EXHIBIT 5.1
600 Travis, Suite 4200 Houston, Texas 77002 713.220.4200 Phone 713.220.4285 Fax andrewskurth.com |
January 30, 2013
Luby’s, Inc.
13111 Northwest Freeway, Suite 600
Houston, Texas 77040
Ladies and Gentlemen:
We have acted as counsel to Luby’s, Inc., a Delaware corporation (the “Company”), in connection with the preparation of the registration statement on Form S-8 (the “Registration Statement”) to be filed with the Securities and Exchange Commission (the “SEC”) in connection with the registration by the Company under the Securities Act of 1933, as amended (the “Securities Act”), of the offer and sale of up to 702,297 shares (the “Shares”) of the Company’s common stock, par value $0.32 per share, including the associated common stock purchase rights (the “Common Stock”), for issuance under the Luby’s, Inc. Second Amended and Restated Nonemployee Director Stock Plan (the “Plan”).
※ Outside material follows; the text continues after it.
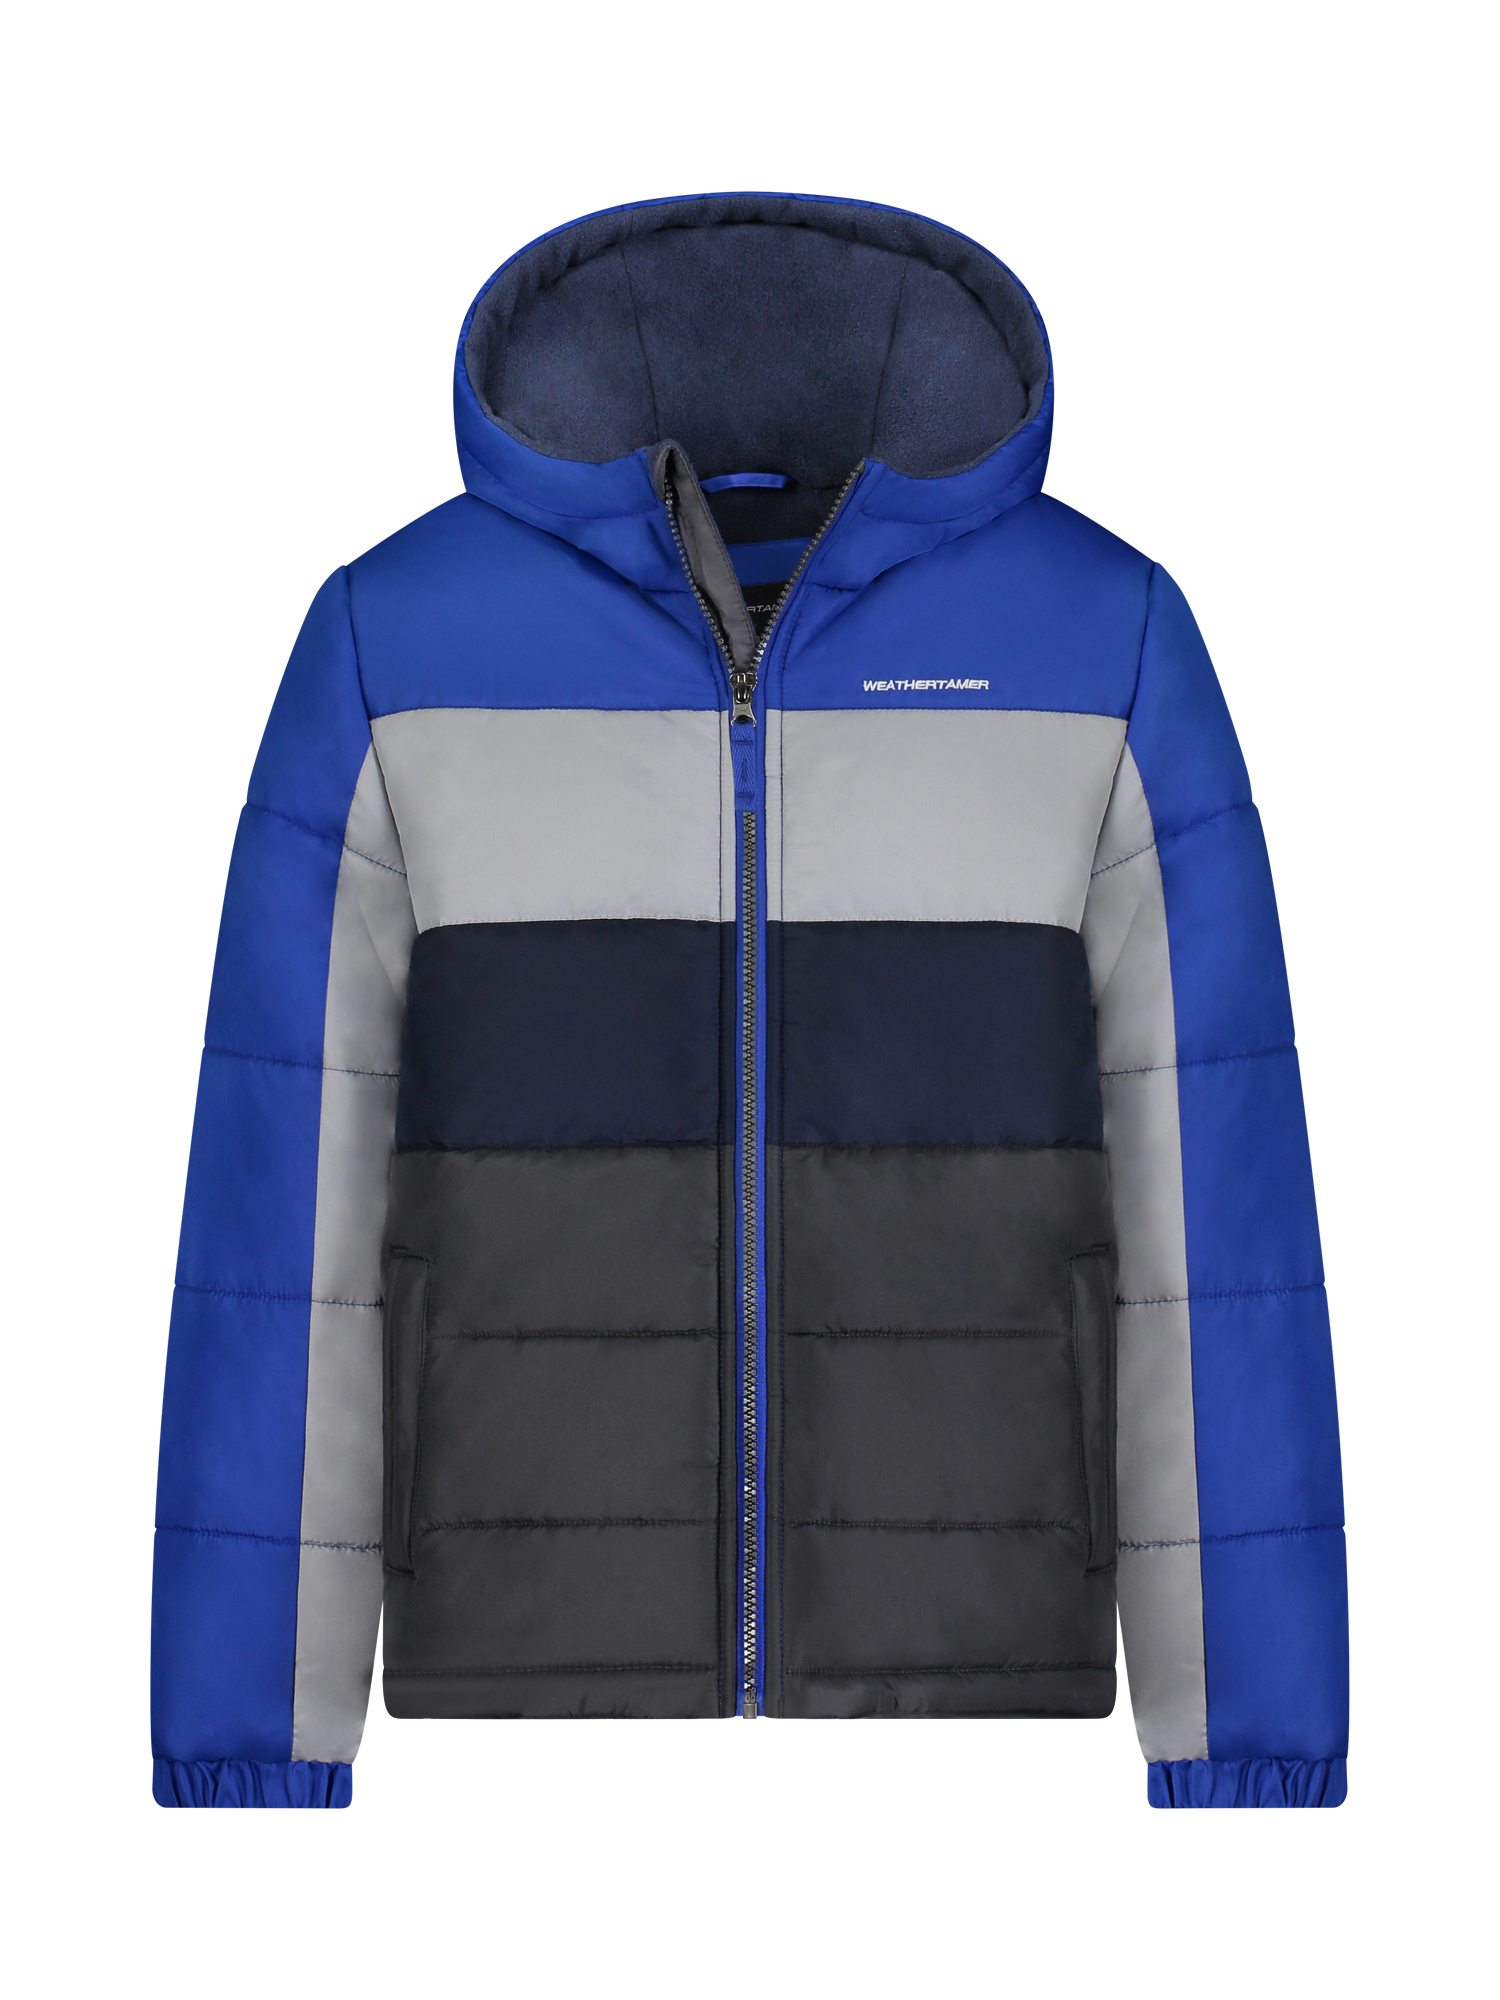 Weathertamer Boys Fleece Lined Puffer Jacket, Sizes 4-20 - image 1 of 2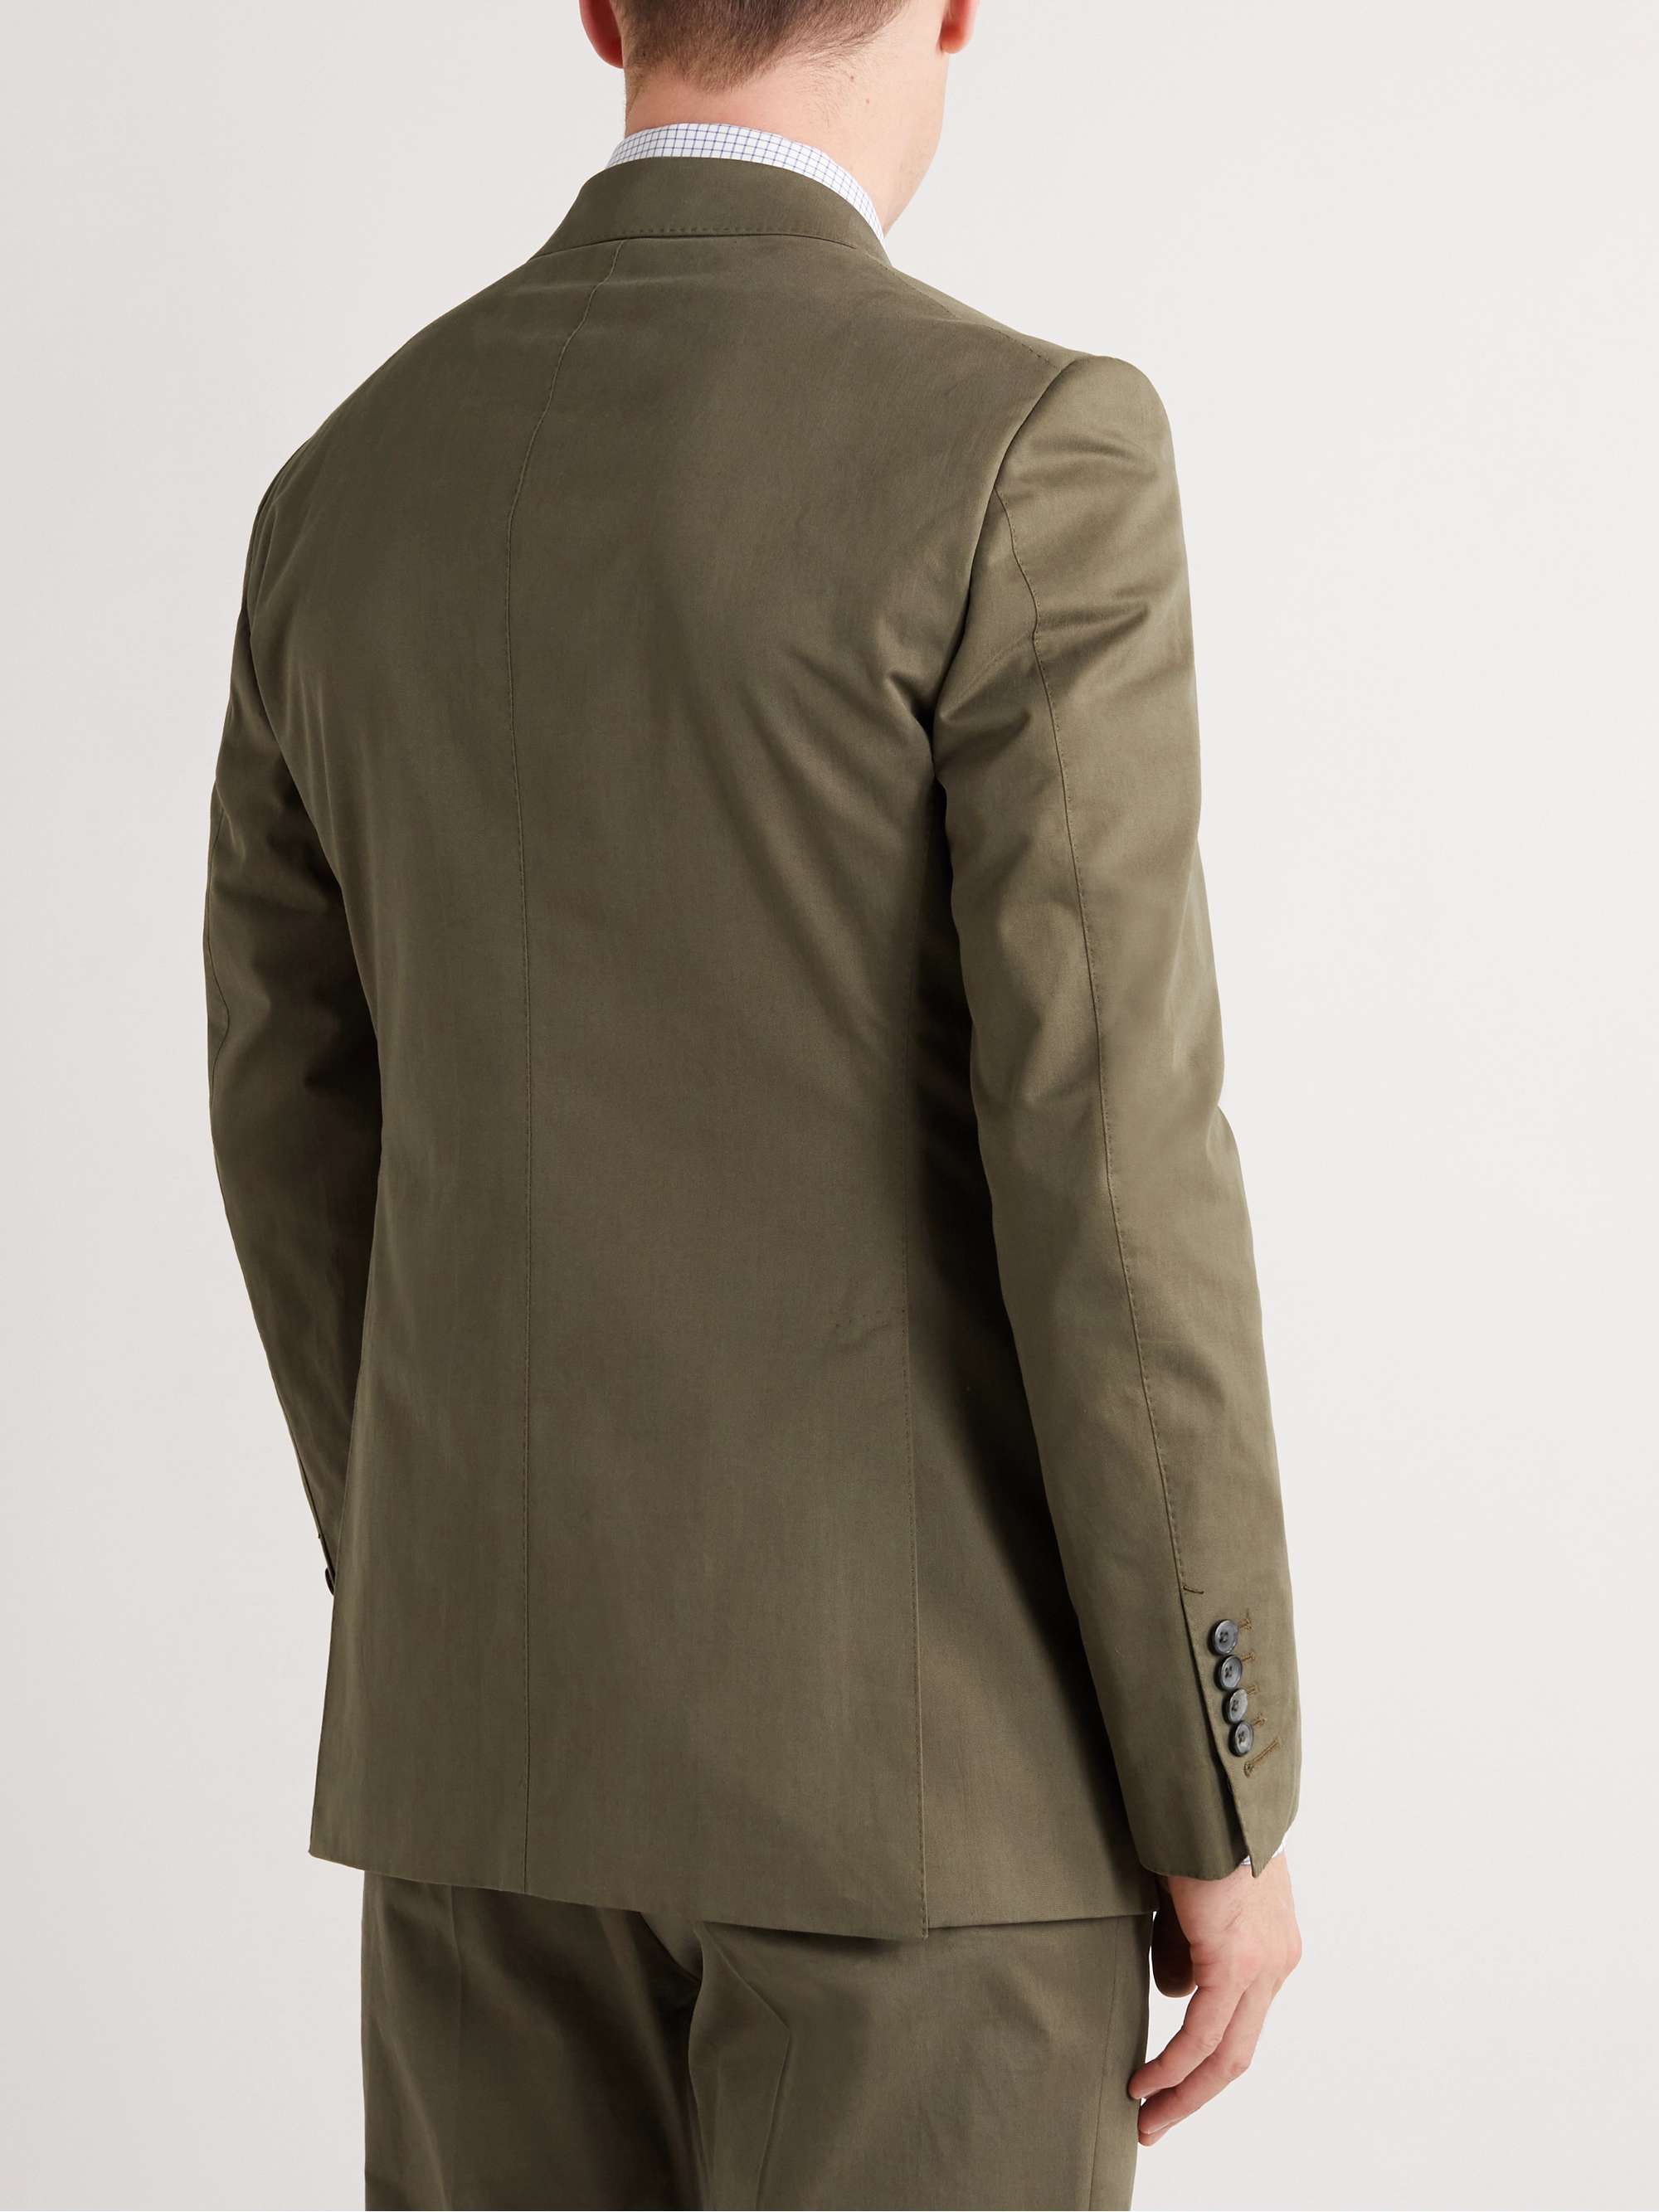 TOM FORD Shelton Slim-Fit Cotton-Blend Twill Suit Jacket

As the basis for the opinion hereinafter expressed, we have examined: (i) originals, or copies certified or otherwise identified to our satisfaction, of: (a) the Plan; (b) the Amended and Restated Certificate of Incorporation of the Company, as amended to date; (c) the Bylaws of the Company; (d) certain records of the Company; (e) certificates of public officials and of officers or other representatives of the Company; (f) certain resolutions of the Board of Directors of the Company, certified to us to be true and correct by the Company’s Secretary; and (g) such other instruments and documents as we have deemed necessary or advisable for the purposes of this opinion; and (ii) such statutes, including the Delaware General Corporation Law (the “DGCL”), and regulations as we have deemed necessary or advisable for the purposes of this opinion. We have not independently verified any factual matter relating to this opinion.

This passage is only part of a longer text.